Eine Erweiterung der Ausstellungsfläche
Florian Süßmayr, dessen atmosphärisch stark aufgeladene Bilder oftmals eine nicht unsentimentale Weise vergangener Realitäten in der BRD, von Punkrock und Bierkaschemmen erzählen, entwickelte die Ausstellung „Bilder für deutsche Museen (2)“ ebenfalls in enger Abstimmung mit der Kunsthalle – einige Malereien sind hier zum ersten Mal zu sehen.

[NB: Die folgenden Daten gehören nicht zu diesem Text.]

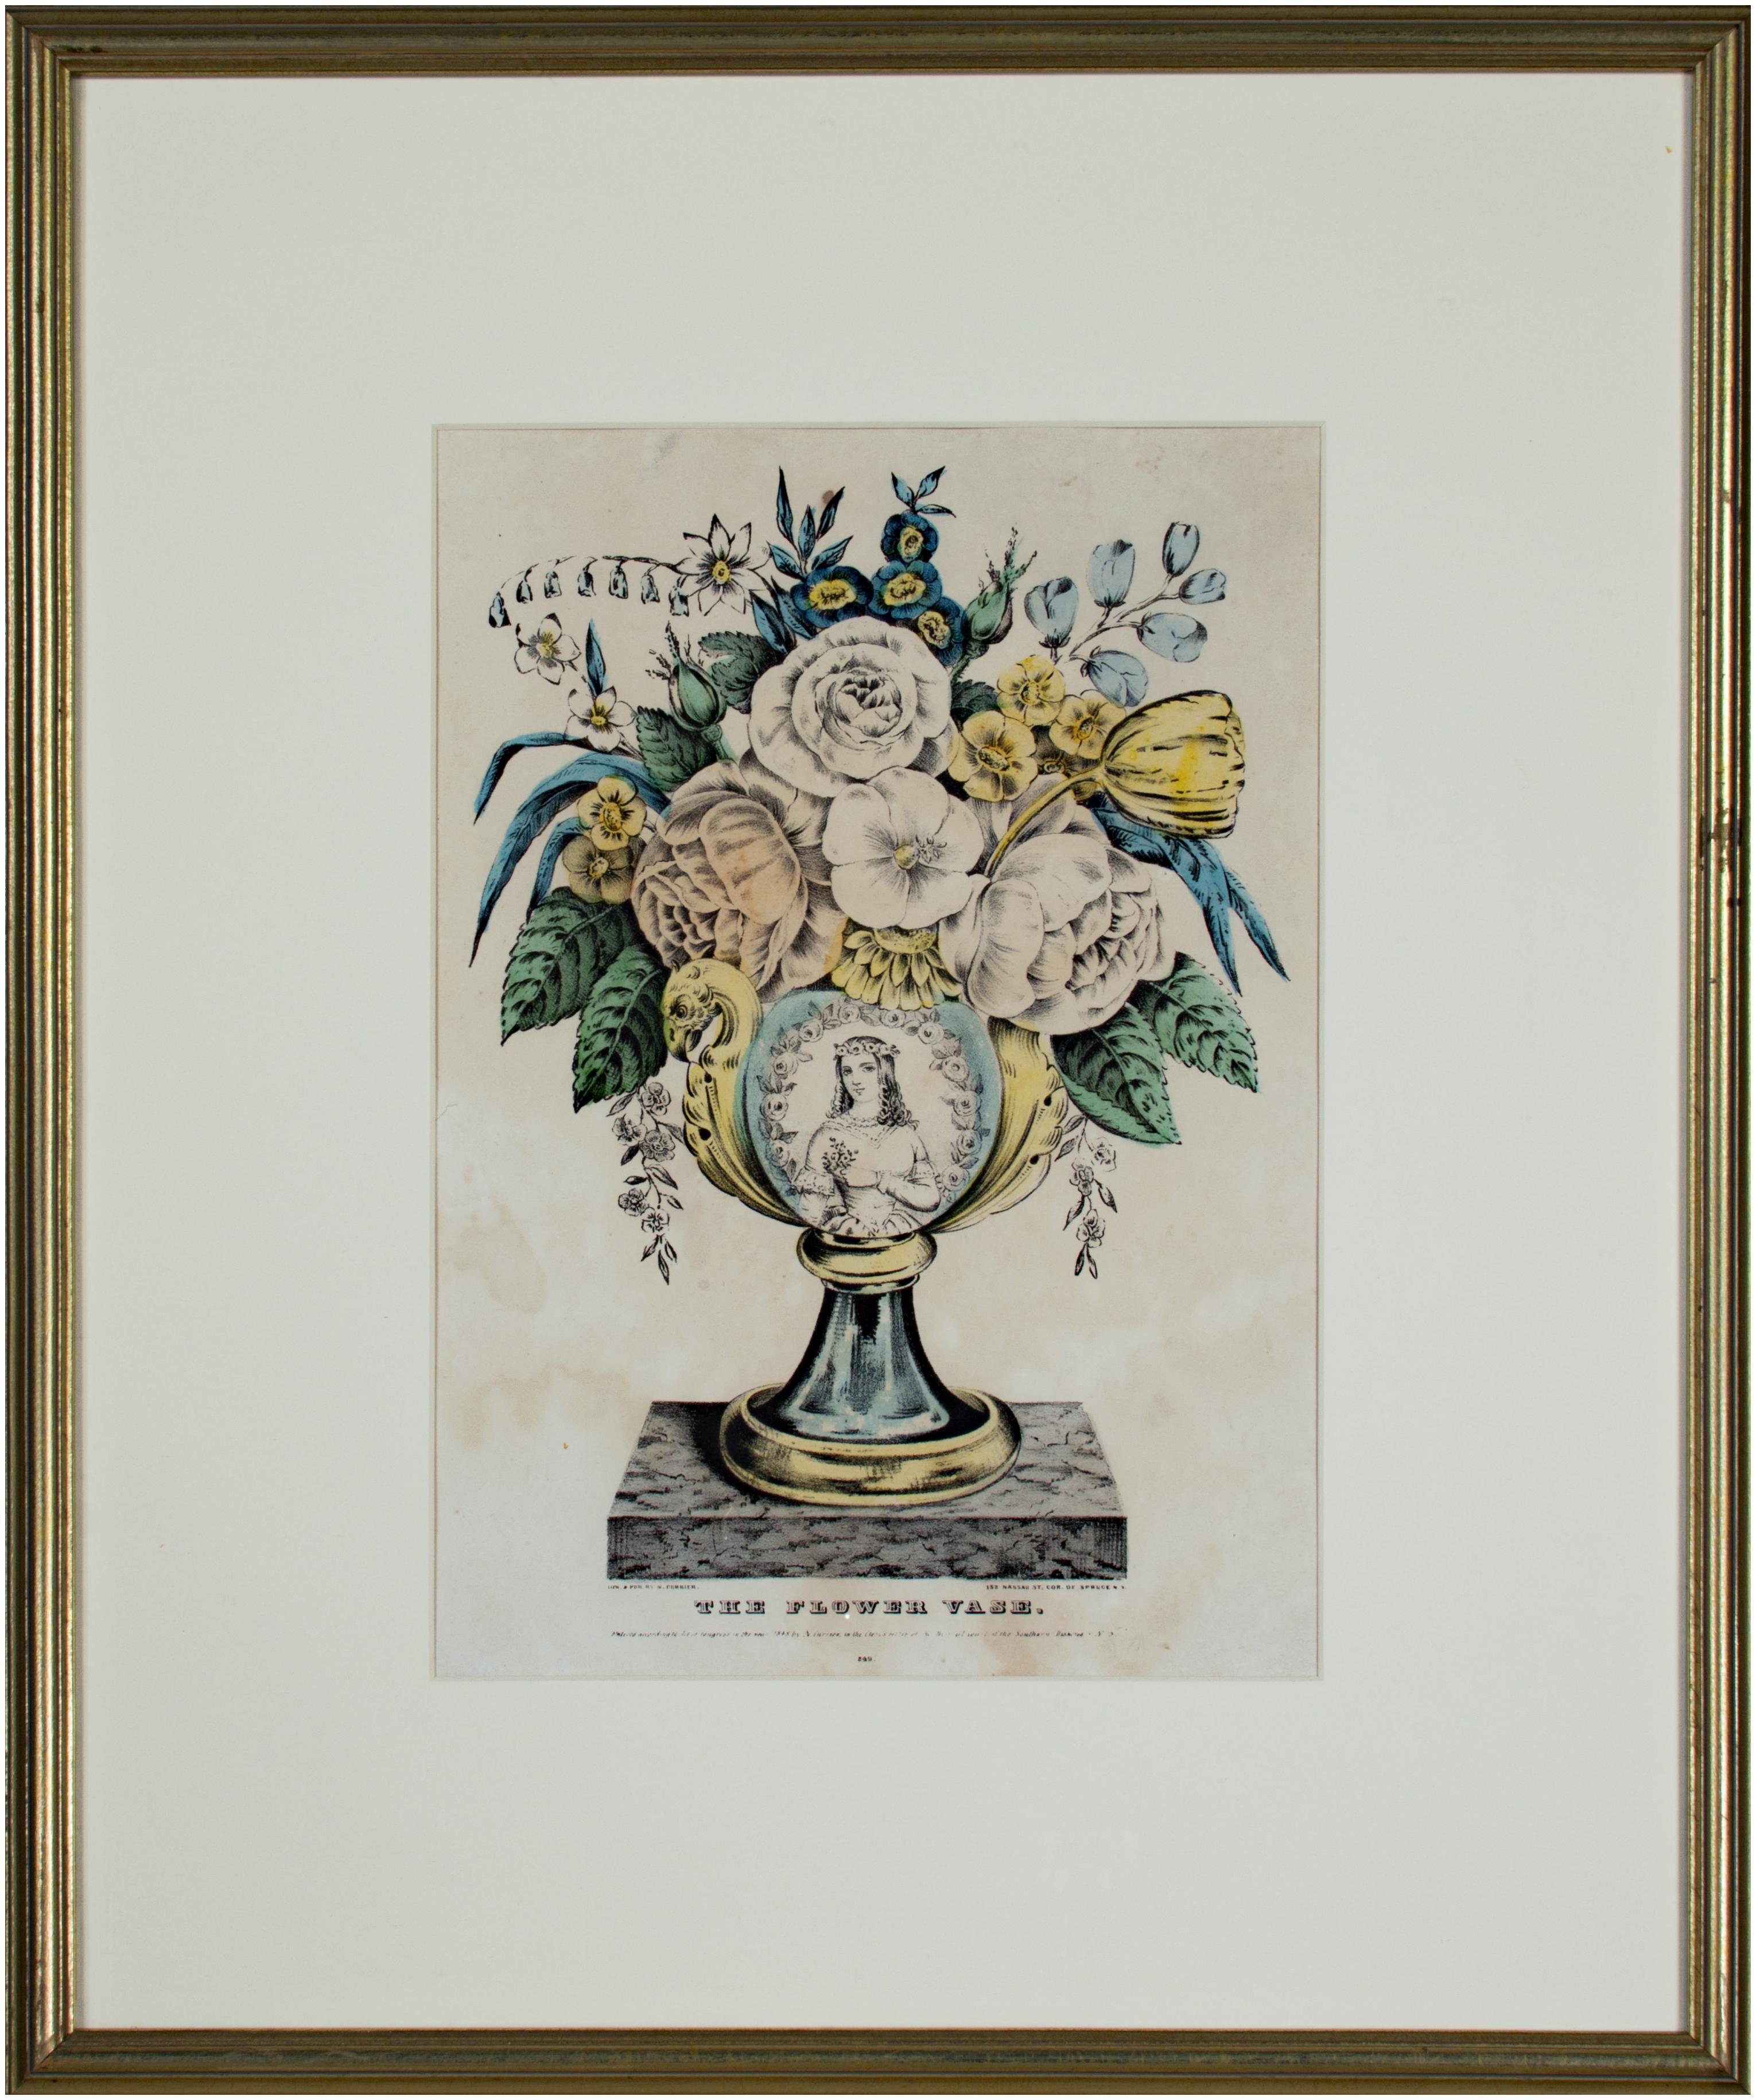 La présente lithographie coloriée à la main est l'une des nombreuses images décoratives de vases remplis de fleurs publiées par Nathaniel Currier. Cet exemple contient des roses, des tulipes, des myosotis et autres, le tout dans un vase avec des

„LoveSounds“ von Masha Tupitsyn schließlich bietet mit einer Spieldauer von einem vollen Tag eine seltene zeitliche Qualität: Um die Arbeit, bestehend aus insgesamt rund 1.500 Liebesszenen-Fragmenten englischsprachiger Filme ganz zu hören, müsste man schon mehrmals herkommen. Nochmals gewissermaßen eine Erweiterung erfährt die hauseigene Ausstellungsfläche durch ein Rahmenprogramm aus Künstlergesprächen und von diesen ausgewählten – Filmen, die unter anderem auch im Frankfurter Mal Seh’n Kino gezeigt werden.